Actually the Blue Demons’ next challenge will be Saturday when they travel to Massachusetts to square off with 4-1 Boston College, another big road test just as Iowa was two weeks ago.
“We know it’s not going to be an easy game going into Boston College,” Moore said. “So we just have to lock in defensively and offensively and hopefully we come out with the win.”
It was pointed out to Leitao that the last DePaul team to begin a season 5-0 was the 1986-87 team that featured Rod Strickland. That team not only made the NCAA Tournament but it reached the Sweet 16. No pressure, coach, but can this team possibly follow a similar path?

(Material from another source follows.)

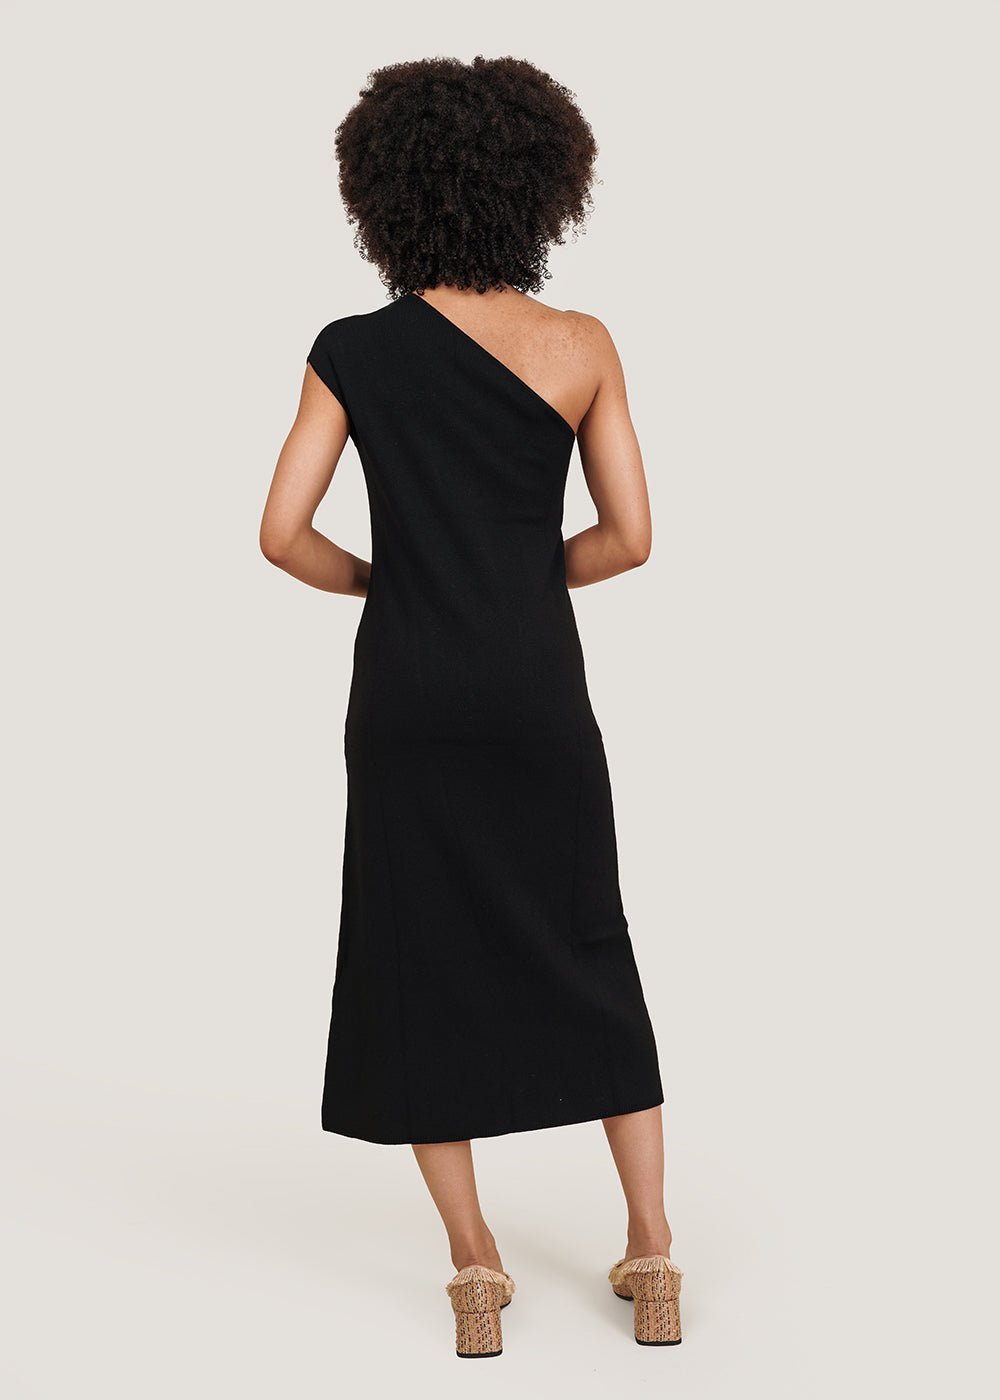 Filippa K Black Katia Dress - New Classics Studios Sustainable Ethical Fashion Canada

“What you’re asking me to do is to order a meal at the restaurant before I’ve even driven to the place,” Leitao said laughing. “So I’m just going to keep my daily GPS about what we got to do, the lefts and the rights and the highs and the lows and the quick turns. We’ve got to concern ourselves with that. This team hasn’t been to that place so we can’t look at the menu yet and figure out what we’re going to order. Our November and December schedule will test us mightily and we may or may not come out of that unscathed. But we’ve set our sights on where we got to go and we have to drive at the right speed to get us there.”
Moore said regardless of what occurs this weekend and the rest of the season, the one thing this DePaul team wants to avoid is getting too high off of the wins and too low with the losses.
“We try to stay even keel throughout the season,” Moore said. “It’s a long season. We started off 5-0 which is great but we have to keep it going. I feel like we have a great talent level and a great team and I feel if we keep playing consistently the way we’ve been playing then I think the sky’s the limit for us. But we know we just have to stay locked in on the next task at hand.”
And if the Blue Demons do that enough, and the wins continue to come their way, perhaps some space on the back pages of Chicago newspapers as well as some air time on local newscasts will follow. Move over Bears, Bulls and Blackhawks.
“We hope so but we have to get better every day in order for that to happen,” Leitao said. “If we do that the rest will take care of itself. This has always been a great basketball town so they’ll support us, whether it’s newspapers or television, when they know that it’s time to. I’ll embrace it if and when it happens but we have to do this on an everyday basis first.”